Переставными шагами Сатин направляется в восточную часть оазиса, где еще сохранились приземистые строения по типу оружейных складов. В километре лежит подорванный вертолет, его нос глубоко вошел в песок. Мужчина помнит, как кричали те несчастные, погребенные под грудой железа. Помнит, как кровь брызнула во все стороны и залила стекло. Странные люди в серо-белых мундирах оказались совсем не такими, как он себе их представлял. Слабее… неувереннее… неискреннее… Отяжелевшие руки, в липких ладонях – винтовка. Всё, что у него осталось. Пожелтевшая одежда тянет к земле. Небольшая рощица вокруг озерца, ноги проваливаются в лазурной воде, сапоги вязнут в белом песке.

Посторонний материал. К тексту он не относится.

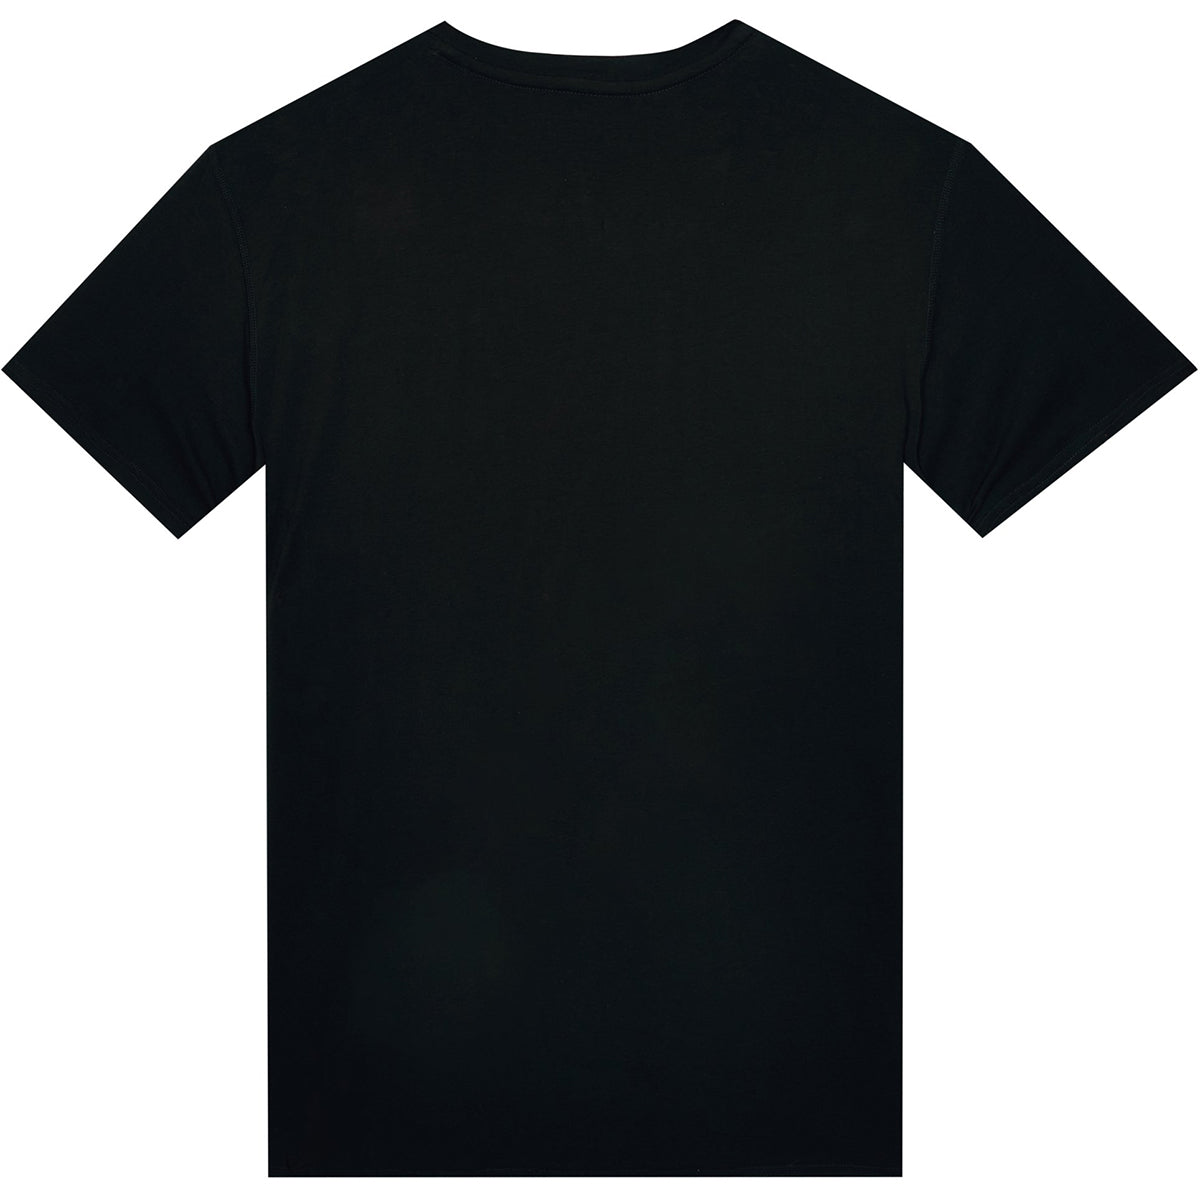 Tatami Fightwear Logo T-Shirt - Black/White Tatami Fightwear

Он хочет вернуться обратно на базу, но не уверен, что сможет пересечь пустыню. Фургон перевернут. Впереди что-то… звуки стрельбы. Сатин бросается на шум, не потому что и правду намерен кого-то убить, нет, просто оттого что здесь в воздухе пахнет смертью и кровью, а там еще теплится жизнь. Он хочет вернуться к жизни.

Видит своего бывшего надзирателя, собирается отдать честь и подносит руку к козырьку. Опускается на колени рядом с поверженным. Засыпанные песком губы командира искривляются. Раздается взрыв. Уши закладывает. Не успевает Сатин опустить взгляд на своего найденыша, как взрывная волна докатывает до них, в воздух летят палки, доски, железки, тела мертвых людей разрывает на части, песок поднимается в небо стаей пыли. Фисташковая ткань окрашивается чем-то темным, пот разъедает глаза. Жар, пыль… Вопли тонут в грохоте взрыва. Здание склада взлетает на воздух. Сатина отрывает от земли волной невероятной разрывной силы. Становится темно как ночью, в небо взлетают тучи песка. Еще взрыв и еще. Руки взметаются над головой, тело подбрасывает. Волной тянет вверх, но тело подчиняется силе тяготения, его вдавливает в песок.

Он хочет вернуться к жизни. В этих землях у него нет ничего, и он не отдаст пустыне единственное, что у него есть с собой – свою жизнь.

Одежда рвется, кожа на ботинках растрескивается, полоска на лбу опалена и жжет. Кожа слезает с костей, одежда пропитывается кровью. С небес падает песок, поднятый мощью взрыва, засыпает его.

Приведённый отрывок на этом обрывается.